Update -- parameters for they classify function have been updated (Tues, Feb 22). Please download the modified code for classify.m. Update 2 -- email homework write up to firstname.lastname@example.org
HW1 Spam Classification - due Feb 24 - deadline extended to Feb 27
In this homework you will be designing and building a nearest neighbor spam classification
system for predicting whether an email is spam or ham, described in lecture on Feb 8/10
Part 1 - Designing Good Features (30 pts)
Come up with and describe a set of features you will use to classify an email
as spam or ham. Features can be for example: words, phrases, special
characters, meta-data about the from/to/subject fields. Credit will be given
for completeness, usefulness, and creativity of your feature set. Remember you
will have to implement these in Part 2 so make sure you will be able to extract
these features from text.
Part 2 - Extracting Features from text (30 pts)
Fill in the implementation for extract.m to extract the features
you designed in Part 1 from text. This function takes as input the name of a file
and returns a document vector containing the value of each feature.

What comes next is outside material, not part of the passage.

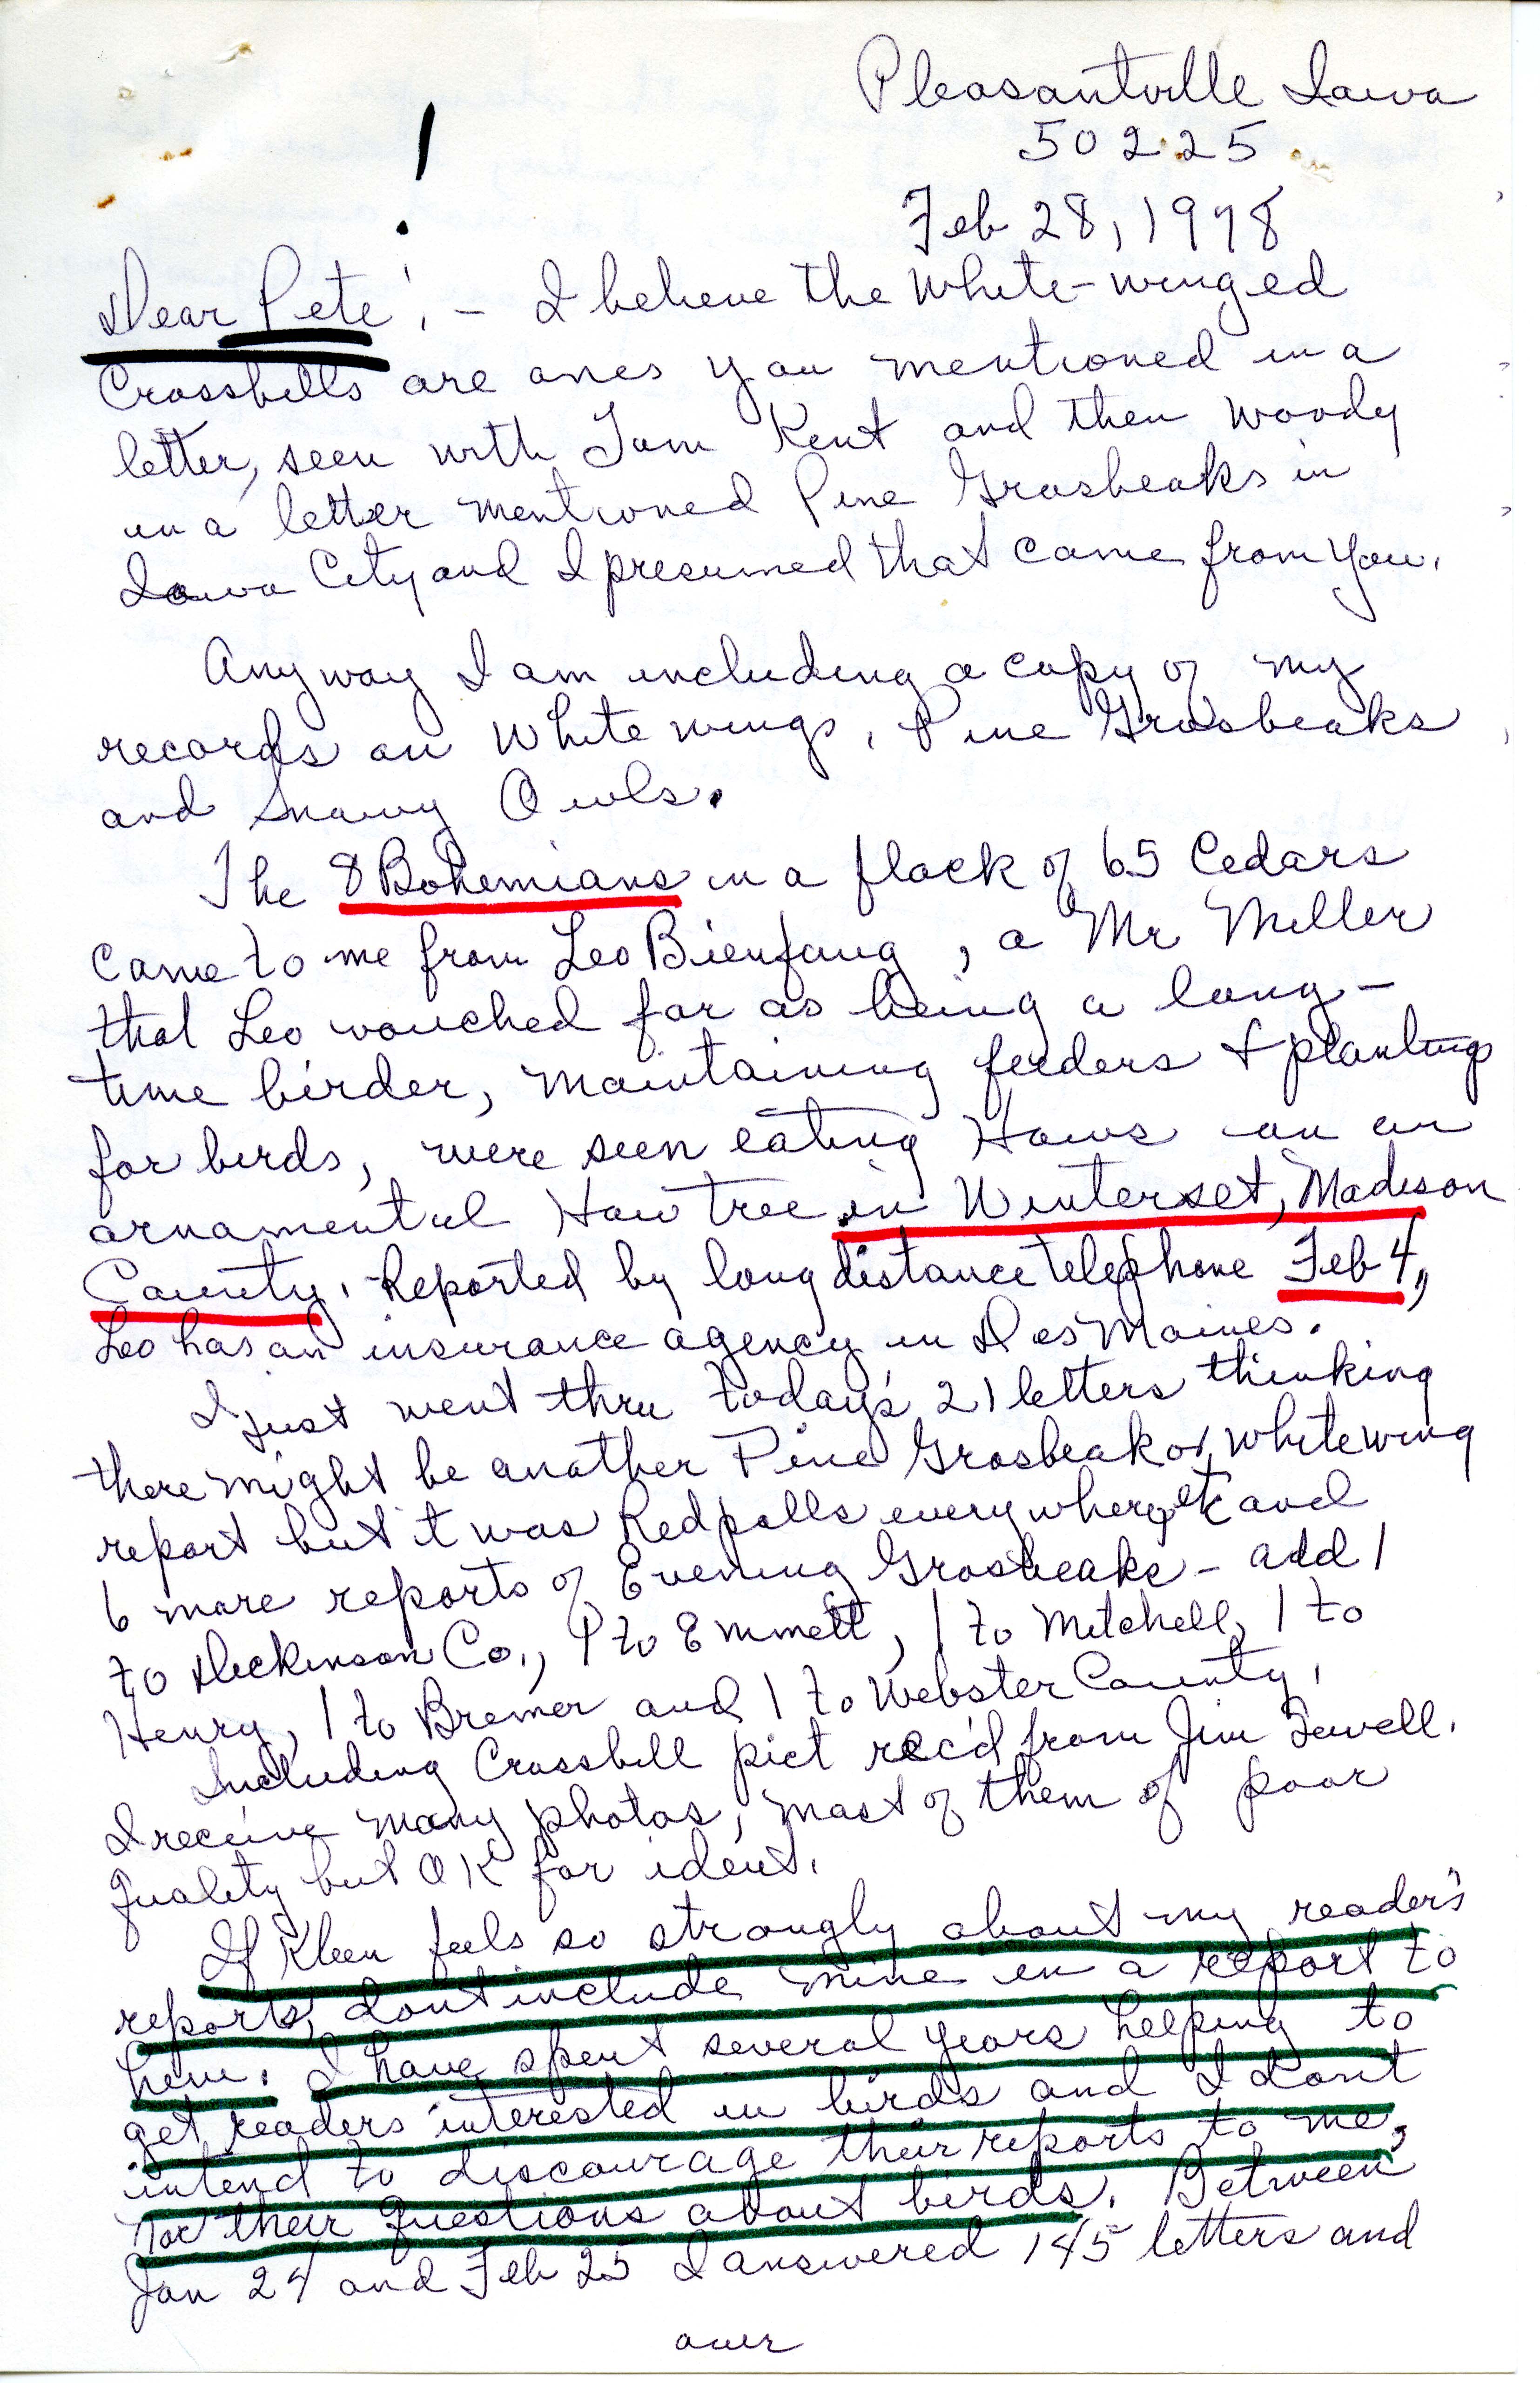 Gladys Black letter to Peter C. Petersen regarding bird sightings, February 28, 1978

For example, if your features are: [frequency of "the monkey", frequency of "frog",
frequency of "%"] and the input file contains 4 occurences of "the monkey", 3
occurences of "frog", and 0 occurences of "%" then the function should return
the following document vector [4 3 0].
Part 3 - Spam Classification Using Nearest Neighbors (30 pts)
Fill in the implementation for classify.m, a nearest
neighbor classifier. This function takes as input a matrix containing document
vectors from the training set, a vector containing the labels for the training
set (1 for ham, 0 for ham), and a document vector for a test email. It returns
a label for the test email (1 for spam, 0 for ham).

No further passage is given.